Public displays of affection continued until the last week in August when the action moved to Paris. This is where Diana: The Witnesses In The Tunnel – the night’s other Diana documentary - began its account of the couple’s last hours.
The programme was an attempt – mostly successful – to show that the paparazzi were not responsible for the fatal crash.
That opinion was widespread at the time, copperfastened in the public mind by Diana’s brother Charles who claimed that the photographers, and the newspapers which used them, had “blood on their hands”.
It featured interviews with many of the paparazzi who had followed the car into the tunnel, and with some medical witnesses and other passers-by who saw what had transpired.
Some of it was self-serving, The appropriately-named Romuald Rat, a French paparazzo, recalled how he had approached Diana, who was still alive, and spoke to her, telling her everything would be alright.
However, at Diana’s inquest, it transpired that what Rat had been doing in the tunnel was negotiating a £300,000 deal with The Sun to sell them pictures of the dying princess. He also tried to make it more difficult for other photographers to take snaps when they arrived on the scene.
For all that, it was clear from the documentary that the paparazzi were not to blame for what happened. They were well behind the car as it entered the tunnel. In addition, the driver of the car – Henri Paul - was three times over the French legal limit.
Mundane as it might seem, Diana and Dodi were killed in an accident caused by a drunk driver. Witnesses In The Tunnel did an important job reminding us of that fact.
For Sky Sports News, August 31 is like the death of Princess Diana, 9/11 and the collapse of the stock market all rolled into one.
That’s the day the football transfer window closes for the rest of the year, and the top teams in Europe can no longer sign new players. The result is an orgy of last-minute deals as clubs try to sign and get rid of players before the deadline.
In recent years, Sky Sports News has become expert at milking every moment of drama out of the day.
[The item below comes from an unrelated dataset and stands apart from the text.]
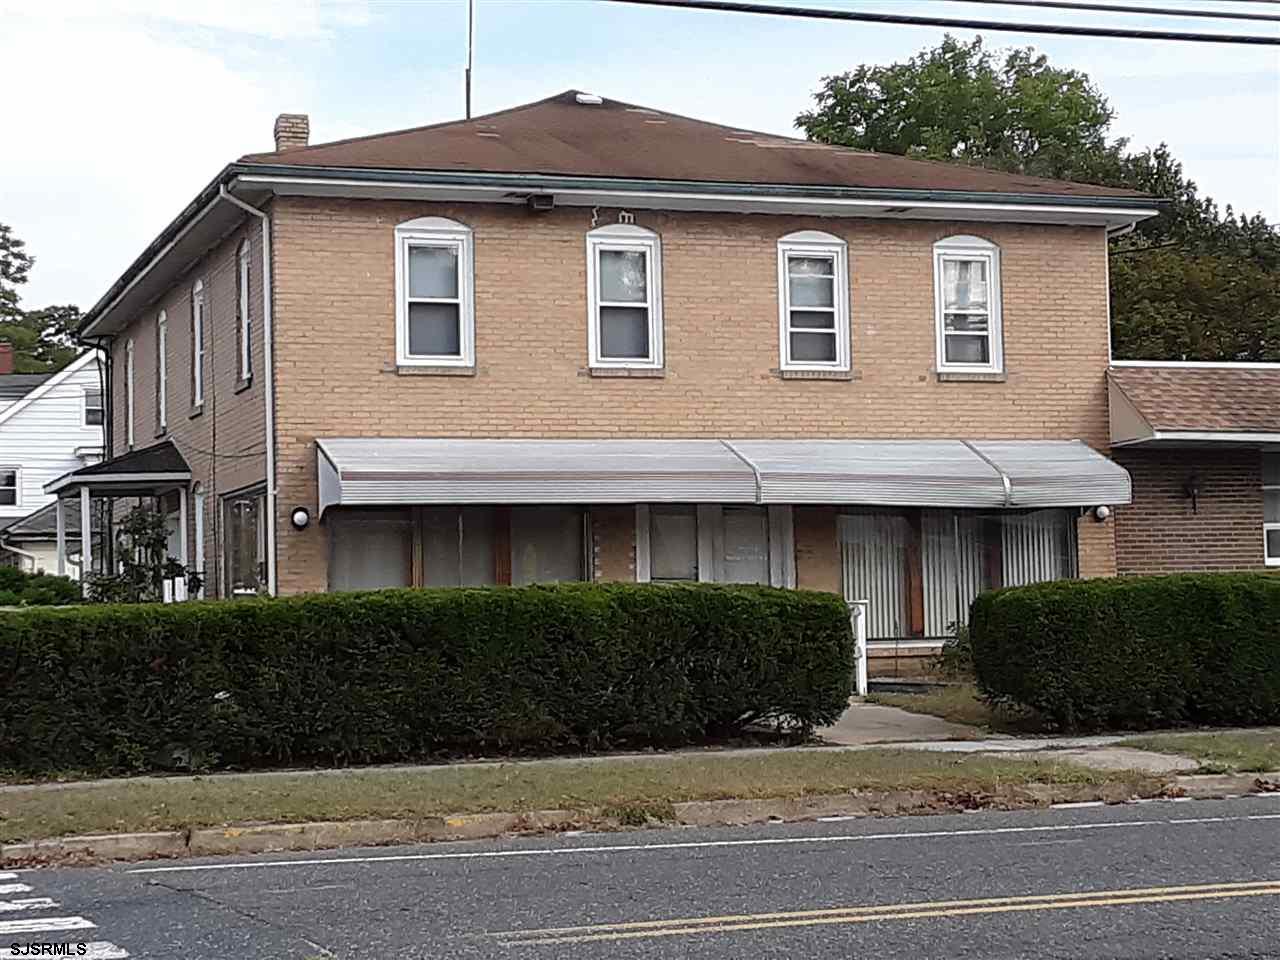 901 Central Ave, Minotola NJ 08341 - Photo 2

Its presenters get over-excited at the idea of some player we’ve barely heard of going on loan from Coventry to Birmingham, reporters are dispatched to various grounds around Britain to try and pick up bits of gossip (and the occasional fact) about all the comings and goings, and the ‘Sky Pad” – a kind of giant iPad – is used to keep track of it all.
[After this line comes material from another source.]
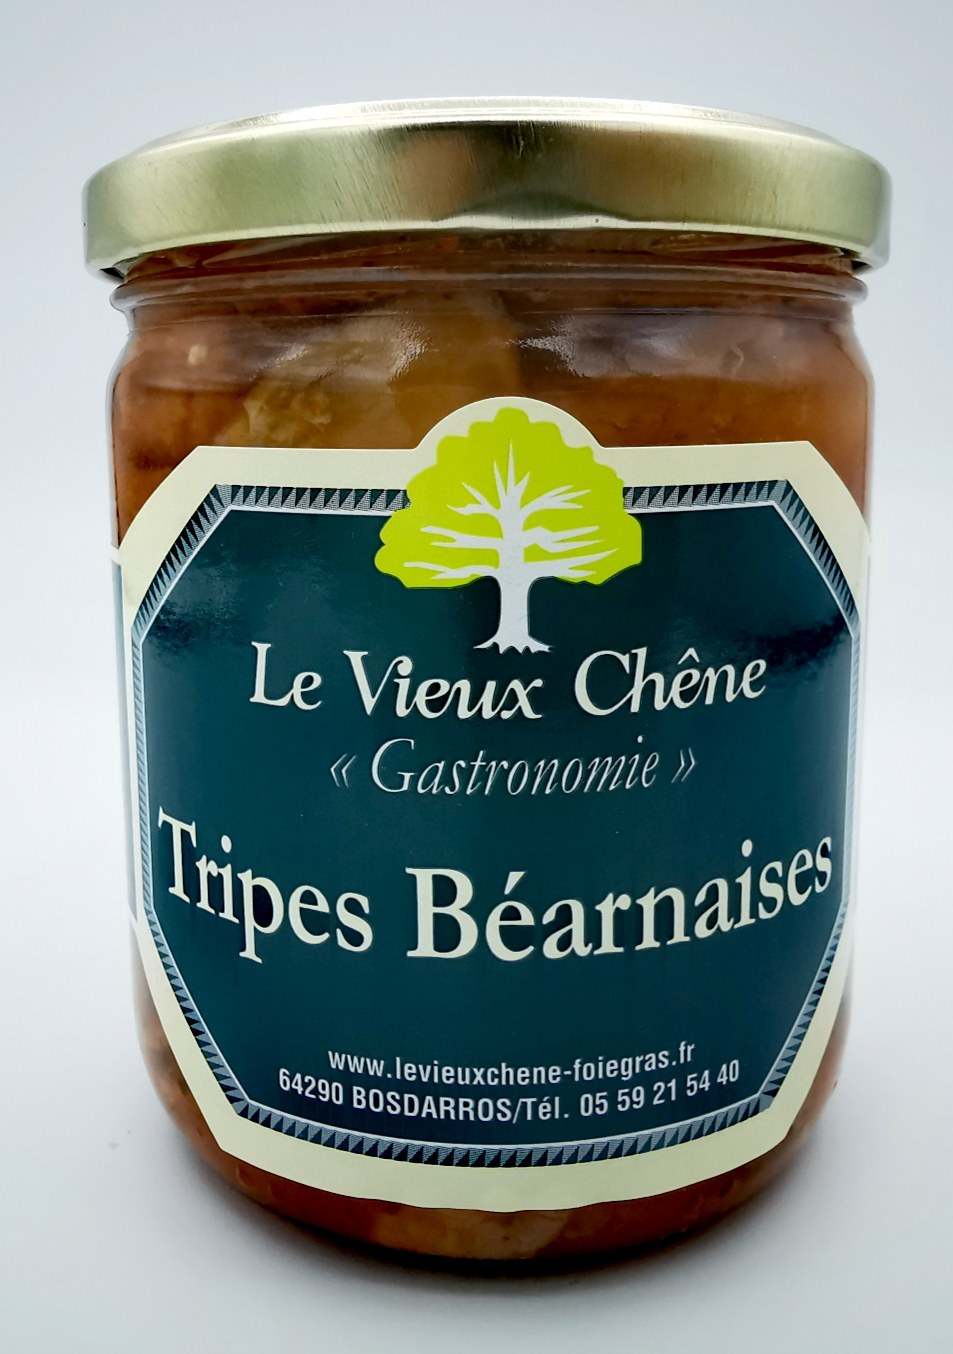 Tripes Béarnaises - le vieux chêne - charcuterie - vallée d'aspe - local

It’s all great fun, although the relief when the window closes and the madness dies down a little is huge.
Last night’s highlights included the Arsenal fan who acted out in gestures and facial expressions the transfer gossip being imparted by Sky’s reporter. “F…ing excellent”, another fan said, prompting an apology from Sky.
But he was right. “It was f,,,ing excellent”, although we’re glad it’s all over.